Fundación Instituto de Investigación Sanitaria Aragón (IIS Aragón), Biomedical Research Centre of Aragón (CIBA), 50009, Zaragoza, Spain.
Animal Unit, University of Zaragoza, 50009, Zaragoza, Spain.
Theranostics. 2021 Oct 17;11(20):9873-9883. doi: 10.7150/thno.59418. eCollection 2021.

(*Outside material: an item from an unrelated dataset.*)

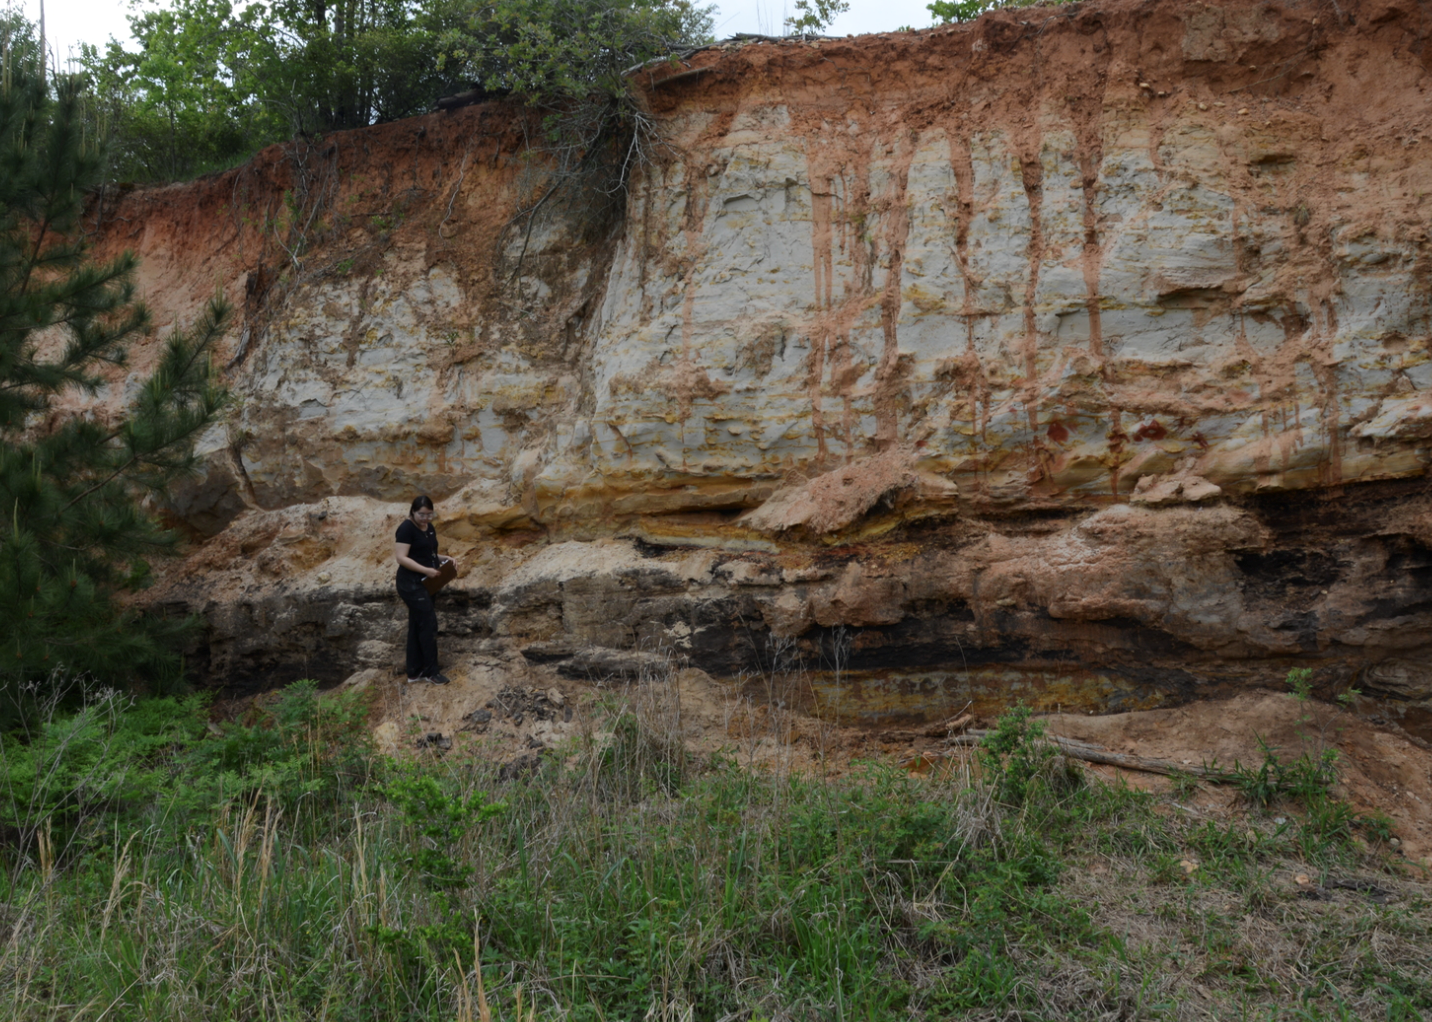 The author, Katherine Garcia, in the field in front of some sedimentary outcrops
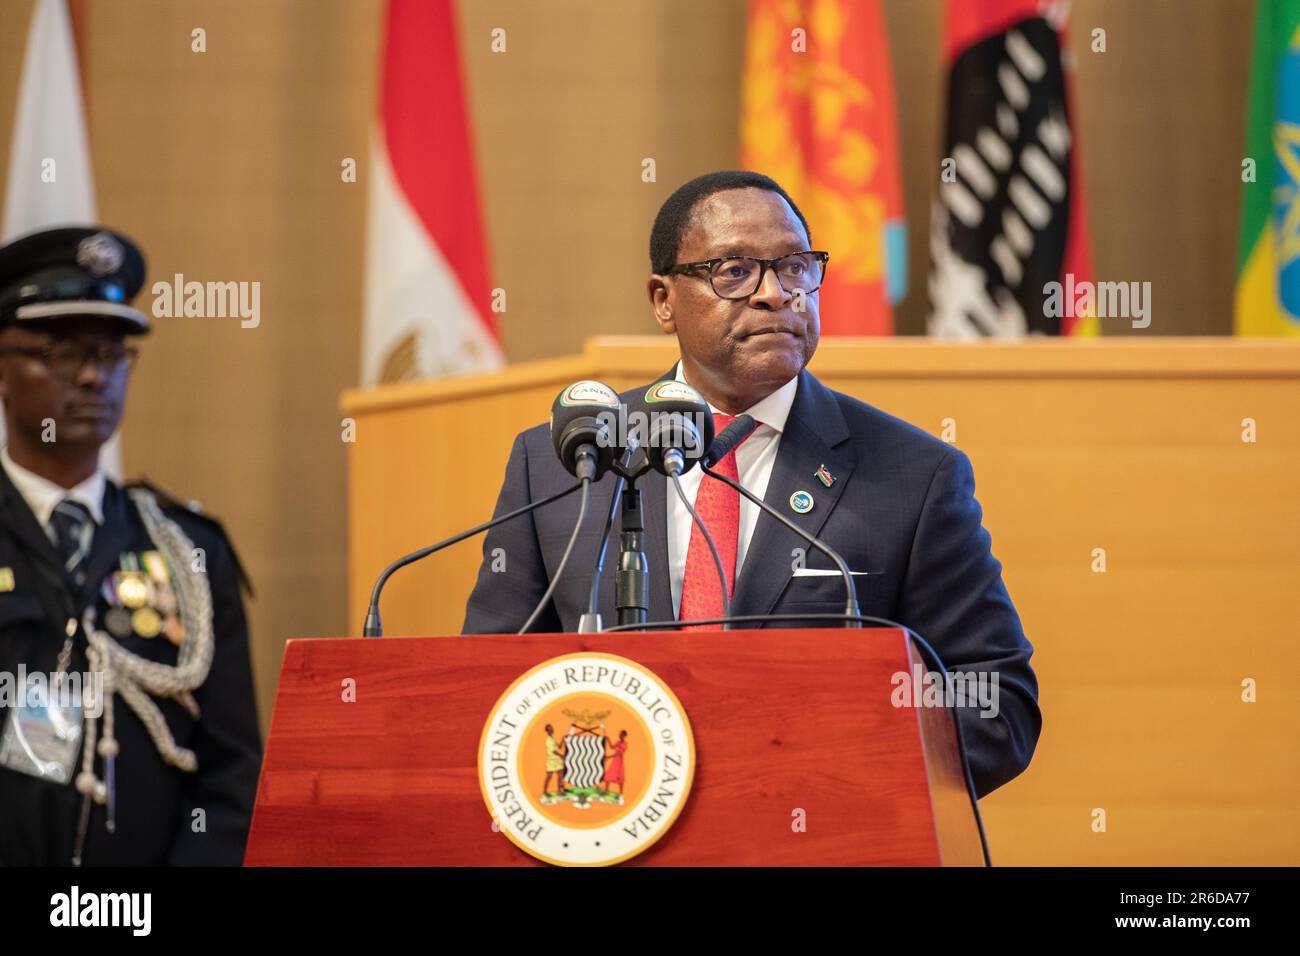 Lusaka, Zambia. 8th June, 2023. Malawian President Lazarus Chakwera speaks during the 22nd Common Market for Eastern and Southern Africa (COMESA) Heads of State and Government Summit in Lusaka, Zambia, June 8, 2023. The 22nd Common Market for Eastern and Southern Africa (COMESA) Heads of State and Government Summit opened here Thursday, with leaders calling for accelerated efforts to achieve economic integration. Credit: Peng Lijun/Xinhua/Alamy Live News Stock Photo

Recent findings suggest that the serine protease Granzyme K (GzmK) may act as a proinflammatory mediator. However, its role in sepsis is unknown. Here we aim to understand the role of GzmK in a mouse model of bacterial sepsis and compare it to the biological relevance of Granzyme A (GzmA). Sepsis was induced in WT, GzmA and GzmK mice by an intraperitoneal injection of 2x10 CFU from . Mouse survival was monitored during 5 days. Levels of IL-1α, IL-1β, TNFα and IL-6 in plasma were measured and bacterial load in blood, liver and spleen was analyzed. Finally, profile of cellular expression of GzmA and GzmK was analyzed by FACS. GzmA and GzmK are not involved in the control of bacterial infection. However, GzmA and GzmK deficient mice showed a lower sepsis score in comparison with WT mice, although only GzmA deficient mice exhibited increased survival. GzmA deficient mice also showed reduced expression of some proinflammatory cytokines like IL1-α, IL-β and IL-6. A similar result was found when extracellular GzmA was therapeutically inhibited in WT mice using serpinb6b, which improved survival and reduced IL-6 expression. Mechanistically, active extracellular GzmA induces the production of IL-6 in macrophages by a mechanism dependent on TLR4 and MyD88. These results suggest that although both proteases contribute to the clinical signs of -induced sepsis, inhibition of GzmA is sufficient to reduce inflammation and improve survival irrespectively of the presence of other inflammatory granzymes, like GzmK.
最近的研究结果表明,丝氨酸蛋白酶 Granzyme K(GzmK)可能作为一种促炎介质发挥作用。然而,其在脓毒症中的作用尚不清楚。在这里,我们旨在了解 GzmK 在细菌脓毒症小鼠模型中的作用,并将其与 Granzyme A(GzmA)的生物学相关性进行比较。通过腹腔内注射 2x10 CFU 的 ,在 WT、GzmA 和 GzmK 小鼠中诱导脓毒症。在 5 天内监测小鼠的存活情况。测量血浆中白细胞介素-1α(IL-1α)、白细胞介素-1β(IL-1β)、肿瘤坏死因子-α(TNFα)和白细胞介素-6(IL-6)的水平,并分析血液、肝脏和脾脏中的细菌负荷。最后,通过 FACS 分析 GzmA 和 GzmK 的细胞表达谱。GzmA 和 GzmK 不参与控制细菌感染。然而,与 WT 小鼠相比,GzmA 和 GzmK 缺陷小鼠的脓毒症评分较低,尽管只有 GzmA 缺陷小鼠的存活率增加。GzmA 缺陷小鼠还表现出一些促炎细胞因子(如 IL1-α、IL-β 和 IL-6)表达减少。当使用 serpina6b 在 WT 小鼠中治疗性抑制细胞外 GzmA 时,也发现了类似的结果,这改善了存活率并降低了 IL-6 的表达。在机制上,活性细胞外 GzmA 通过依赖 TLR4 和 MyD88 的机制诱导巨噬细胞产生 IL-6。这些结果表明,尽管两种蛋白酶都有助于 - 诱导的脓毒症的临床症状,但抑制 GzmA 足以减少炎症并提高存活率,而与其他炎症颗粒酶(如 GzmK)无关。